We should also, at this difficult moment, pray for all Catholics who are angry, disappointed, or hurt. We should pray that Jesus, suffering alongside us, will reveal himself. And that he will show us the path to renewal, resurrection, and new life.
We should pray, especially, dear brothers and sisters, for the gift of chastity. We should pray that the Lord will give us a renewal of chastity, and that all who have been harmed by sins against chastity will be healed.

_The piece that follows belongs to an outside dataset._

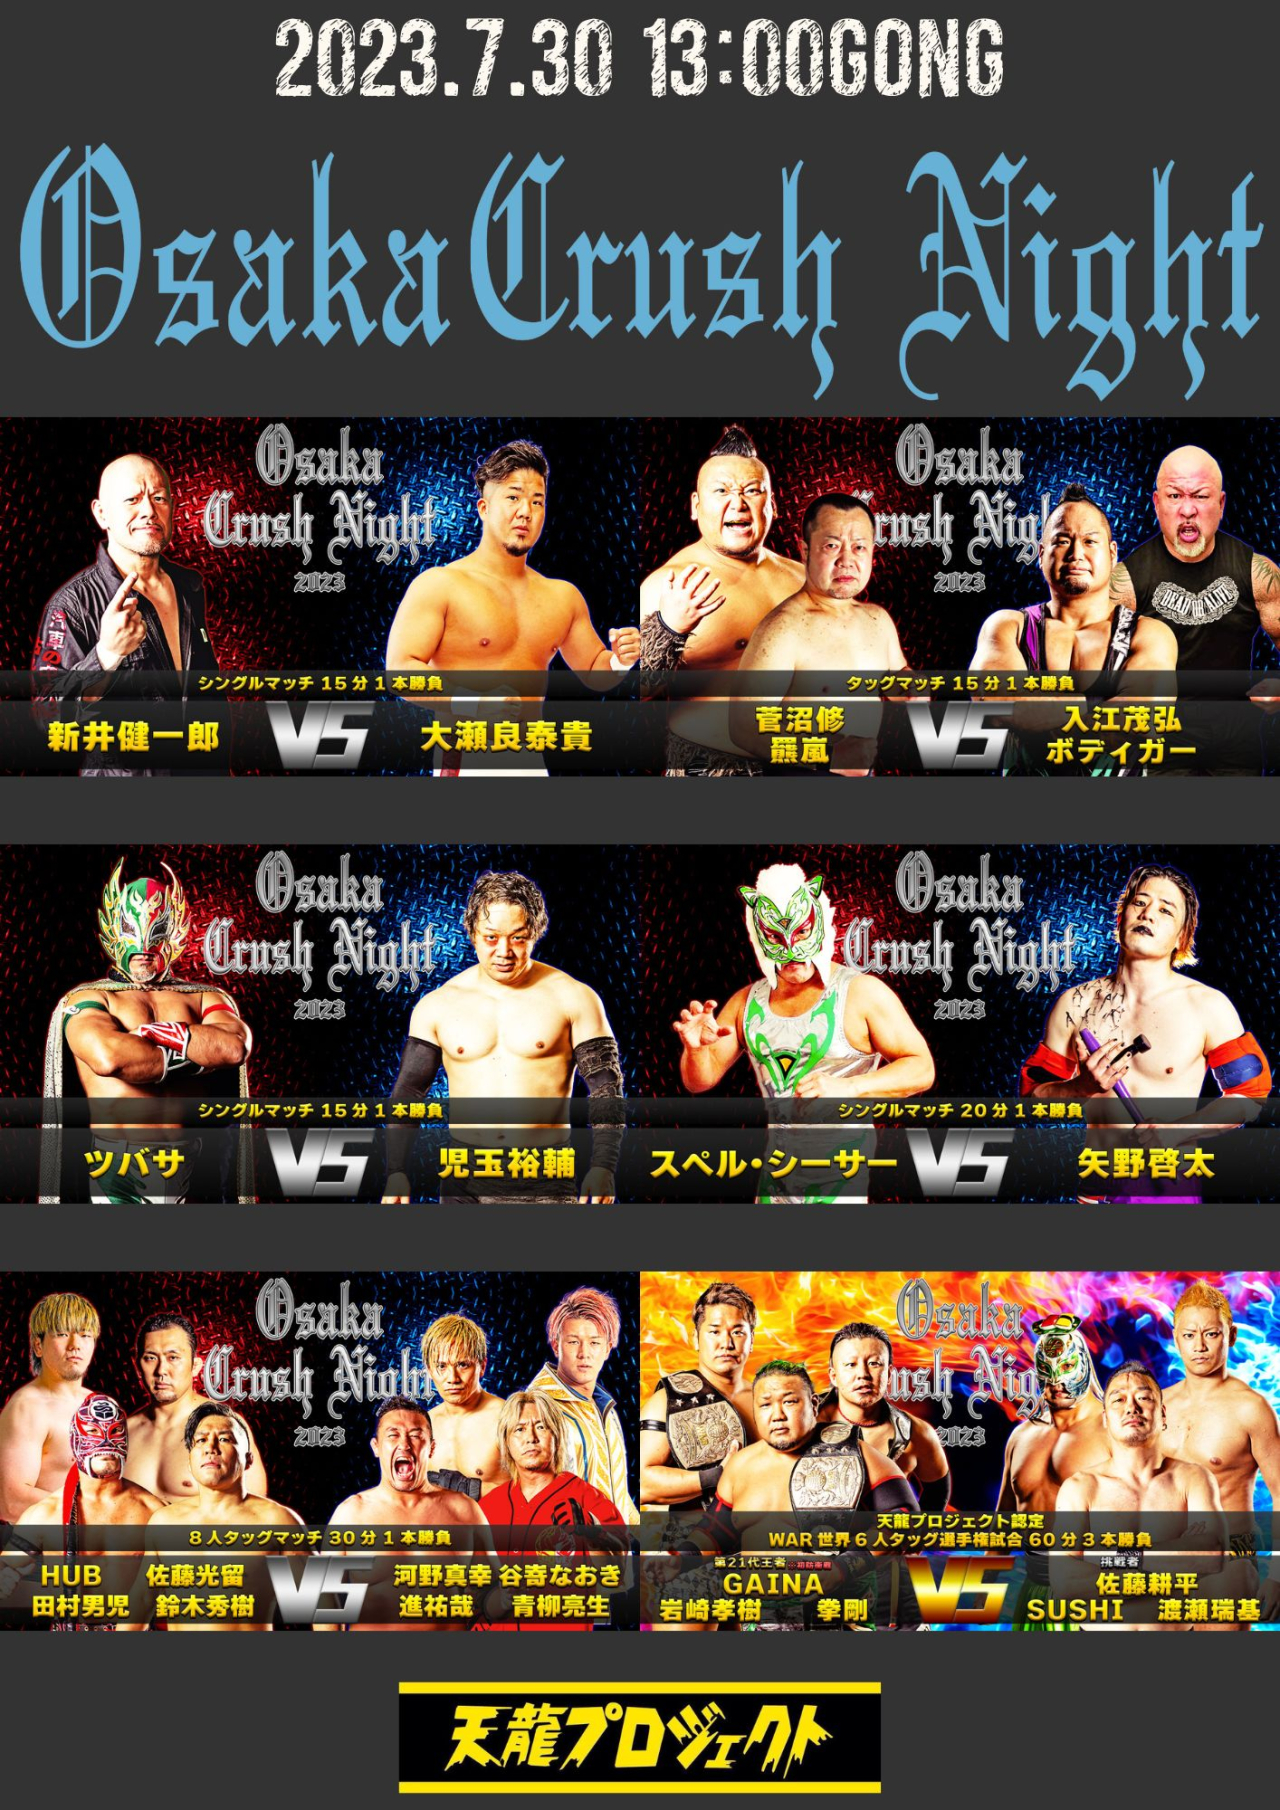 7.30『Osaka Crush Night2023』全対戦カード決定のお知らせ

In 2009, Pope Benedict XVI wrote to victims of sexual abuse in Ireland. “Speaking to you as a pastor concerned for the good of all God’s children... I pray that, by drawing nearer to Christ and by participating in the life of his Church—a Church purified by penance and renewed in pastoral charity—you will come to rediscover Christ’s infinite love for each one of you. I am confident that in this way you will be able to find reconciliation, deep inner healing and peace.”
I share that prayer, and that confidence.
As a bishop, I apologize to anyone who has been harmed by the failures of the Church’s own leaders to live according to the Gospel, and especially to those who have suffered the pain of abuse or coercion. It might be difficult to believe, but Jesus suffers alongside you. He bears the cross along with you. So too do the many members of the Church—priests, deacons, and bishops among them—who are striving for chastity, and for holiness.
Christ promises new life. May he renew his Church, and renew the hearts of those who are suffering.